Start by reducing the portion size of the Bisibelebath you consume. Smaller portions can help reduce the impact on your glucose levels.

Incorporate Protein

Add a source of lean protein to your meal, such as grilled chicken or tofu. Protein can help slow the absorption of carbohydrates.

Include Healthy Fats

Add a small amount of healthy fats, like avocados or nuts, to your meal. This can help stabilize your blood sugar levels.

Add More Vegetables

Include non-starchy vegetables like spinach, broccoli, or bell peppers. They provide fiber and nutrients without causing significant spikes.

Pair with Legumes

Consider adding a small serving of lentils or chickpeas to your meal.

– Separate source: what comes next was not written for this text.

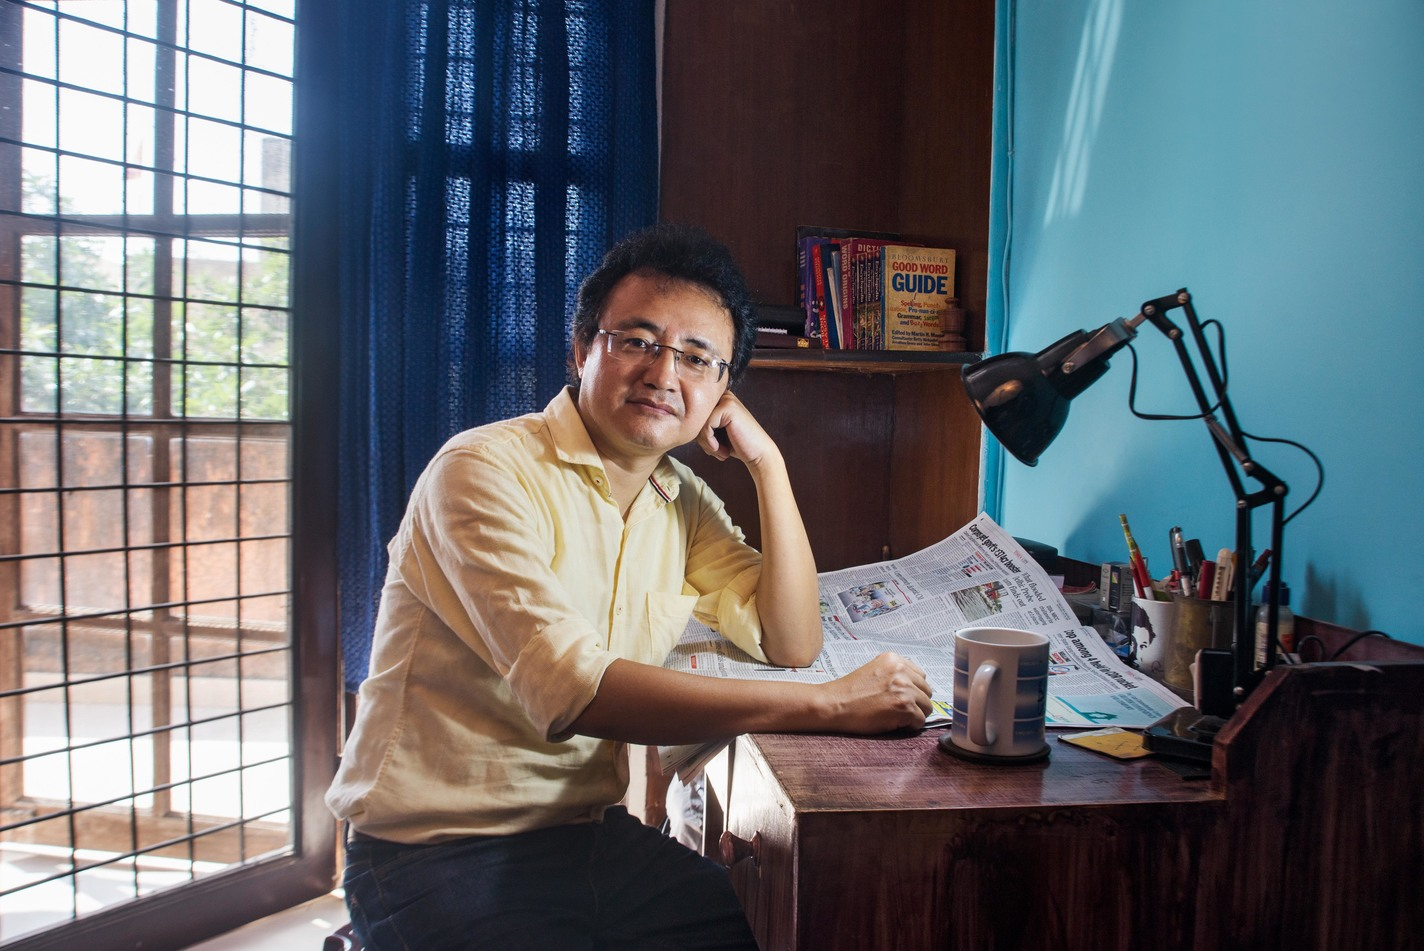 Joel Rai is a senior editor at Times of India and lives in Sarita Vihar, New Delhi. He is originally from Darjeeling
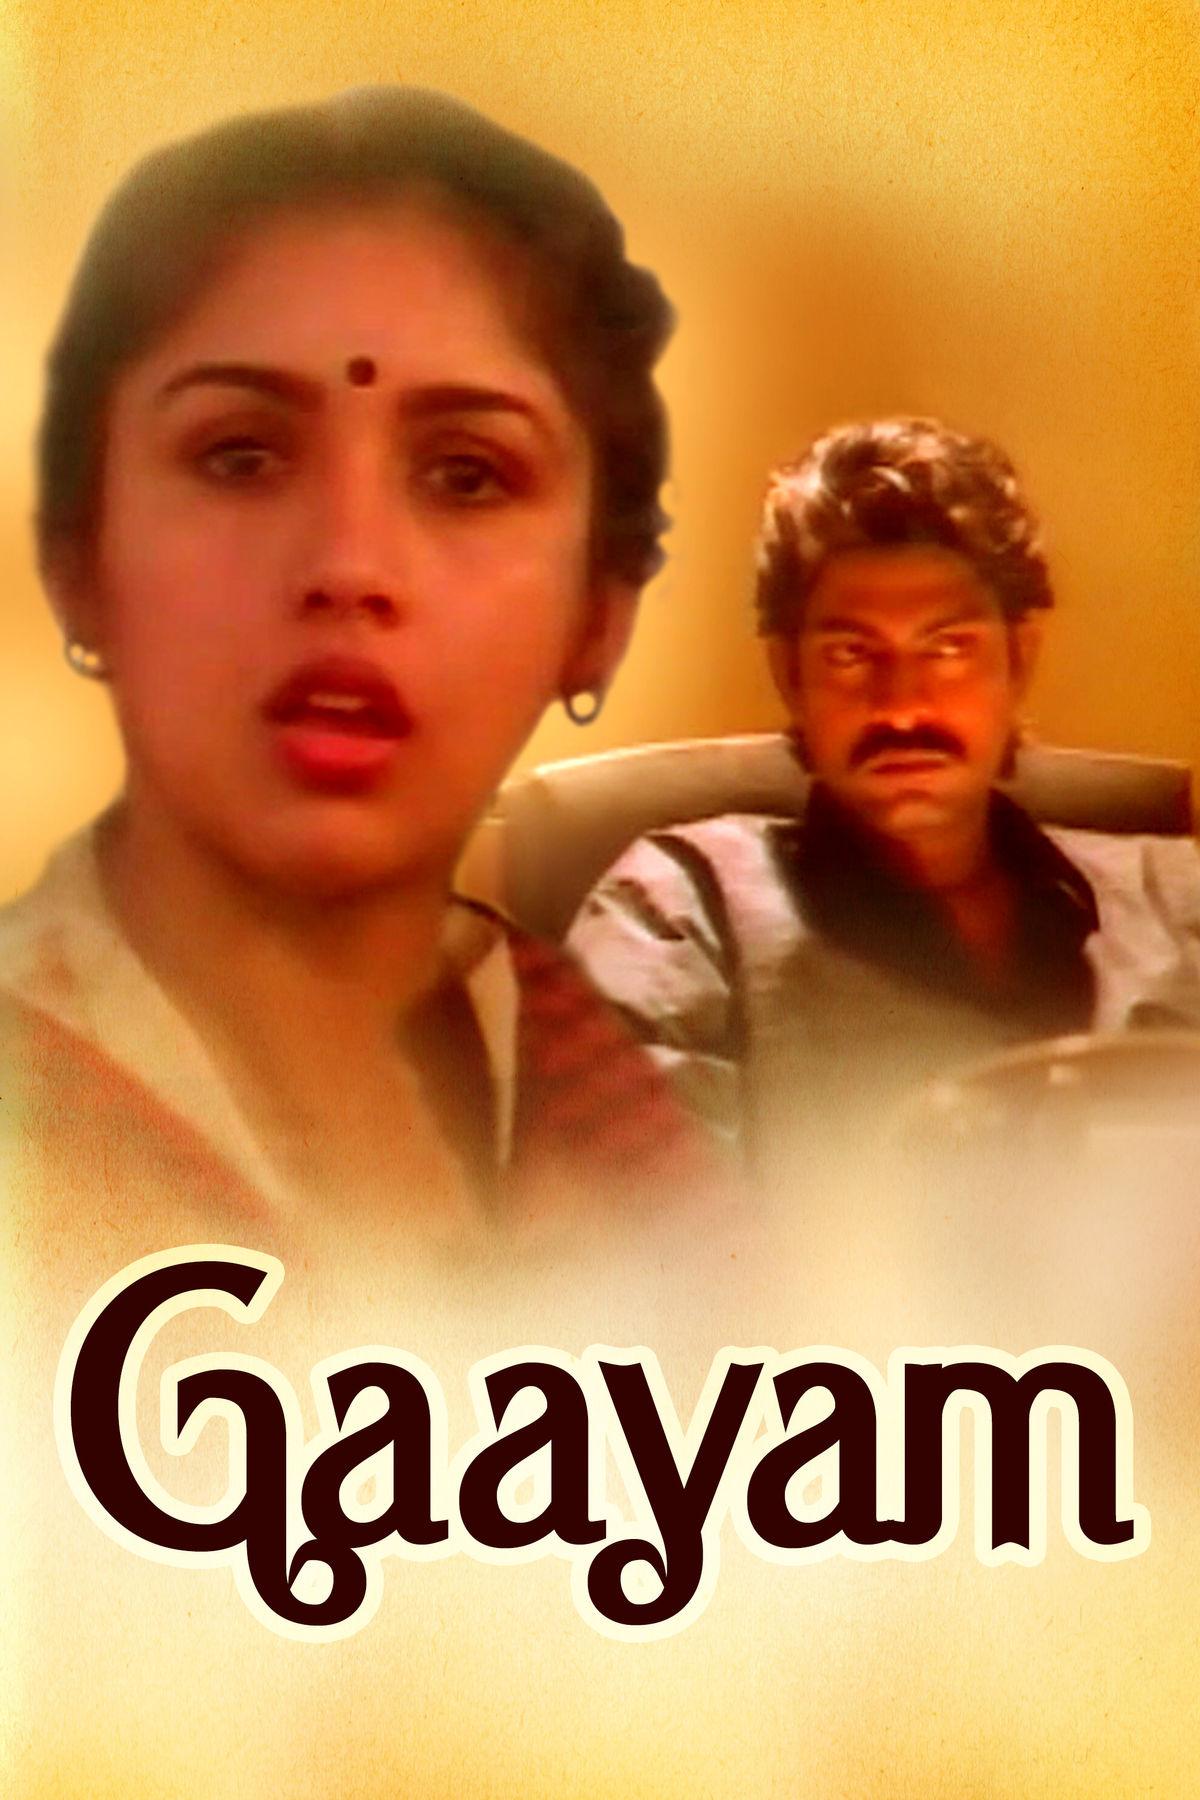 Sirivennela Seetharama Sastry Best Movies, TV Shows and Web Series List

They are a good source of fiber and protein.

Stay Hydrated

Ensure you drink plenty of water before and during your meal. Staying hydrated aids digestion and may help moderate glucose spikes.

Opt for Whole Grains

If making Bisibelebath at home, use brown rice or quinoa instead of white rice to increase fiber content and reduce spikes.

Eat Slowly

Take your time to eat and thoroughly chew your food. This can aid digestion and regulate blood sugar levels.

Post-Meal Activity

Engage in light physical activity, such as a short walk, after eating. This can help your muscles use glucose more effectively.

Monitor Blood Sugar

Regularly check your blood sugar levels before and after meals to understand how different foods affect you and adjust your diet accordingly.